Unfair assumptions..... Mar 19, 2006

Balasubramaniam wrote:



Hi Chinmayi,

From this post of yours, it appears that you do not have the temperement to run a translation agency. Either you don't have the resources (manpower, time, skills, etc.) or your heart is not in it. Which could be why you get bugged so easily.

Agreed it is hard out there, but will emotional outbursts like this help anyone, including yourself? I don't think so.

And I don't think it is fair to generalize your problems to all agencies in India. I am sure there are many agencies in India which are professionally run and which do not crack up under pressure. There are sure to be bad ones too. But is that not the case for all countries? Why single out India for your tirades?

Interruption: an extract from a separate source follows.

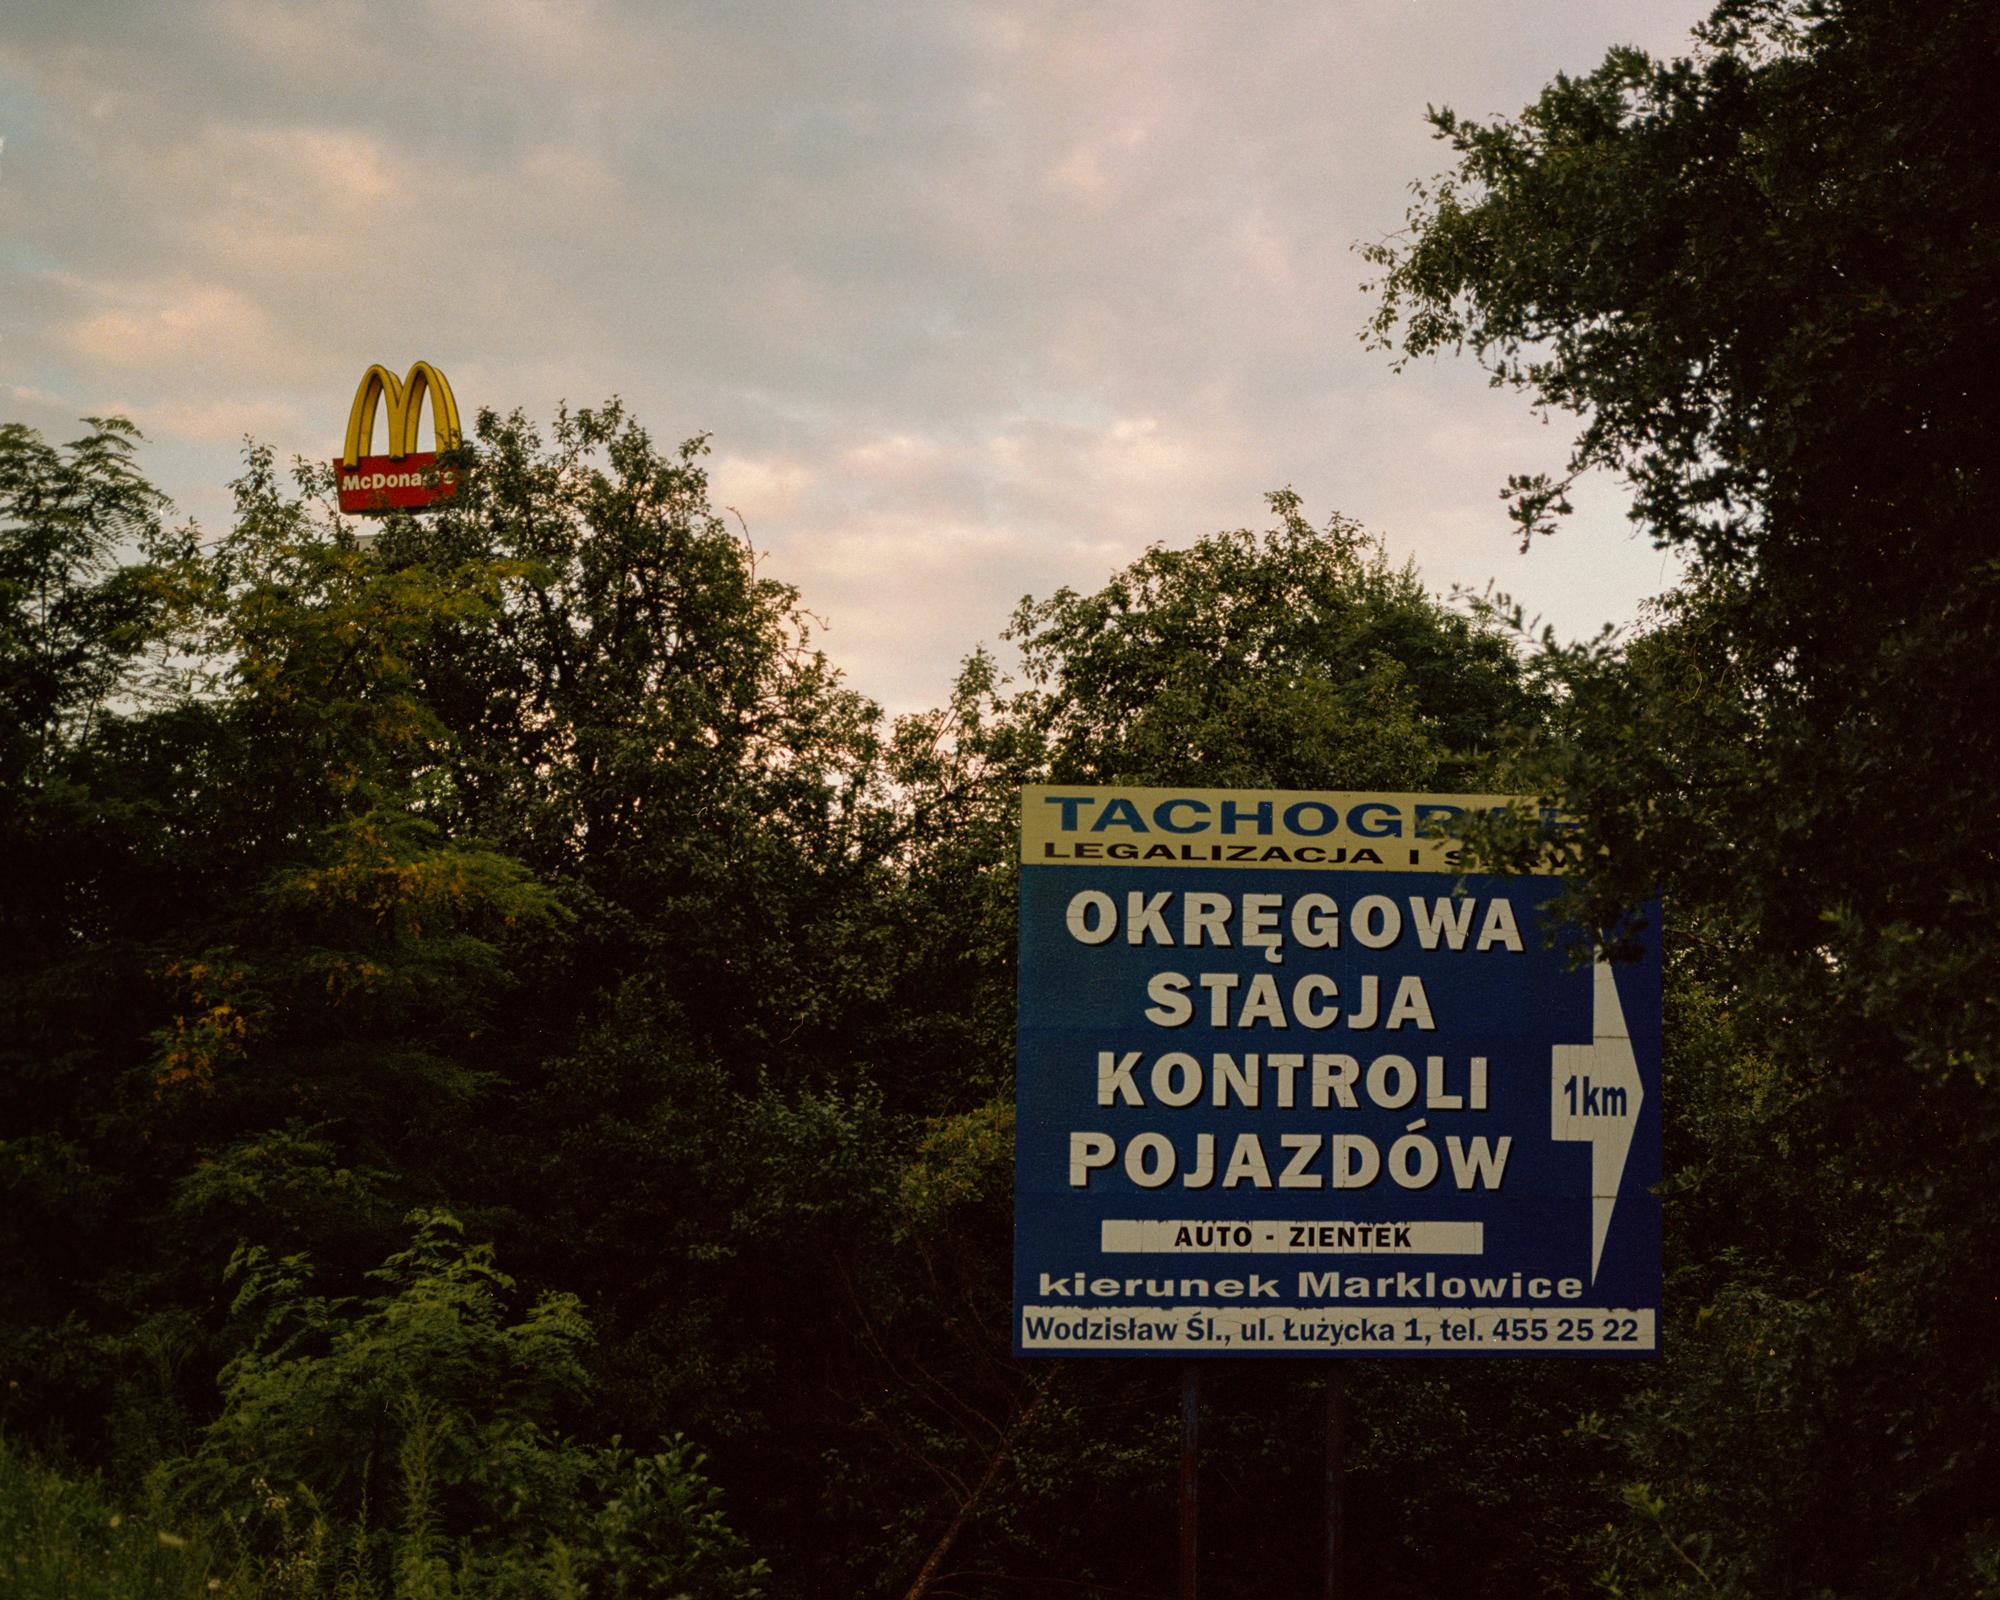 Wodzislaw, 2016

Be calm and cool, there is more to life than translation agencies. Relax and enjoy life. Do things that please you, that satisfy you, that you are made for.

With kind regards,
Balasubramaniam

[Edited at 2006-03-19 19:51]


I feel the need to step in here, and defend Chinmayi! I just finshed a job for Chimayi and she does have a perfectly fine temperament to run an agency. She pays way ahead of schedule and very good rates as well I might add. As far as her venting, whether it be about Indian or an agency from the Outer Hebrides's, she most certainly have the right to do so. I don't think she is singling out anyone, she is as you might have noticed based IN India! So, I think you are being slightly unfair in your assumptions!
I have had dealings with agencies in India myself and they have been among the hardest to deal with as far as payment and rates are concerned. But, no they are certainly not the only ones!
But, when all this is said I do not want to get into a slamming match with you or anyone else about good or bad agencies and what countires they are located in, I mainly answered this because I felt you were somewhat unfair in your wording!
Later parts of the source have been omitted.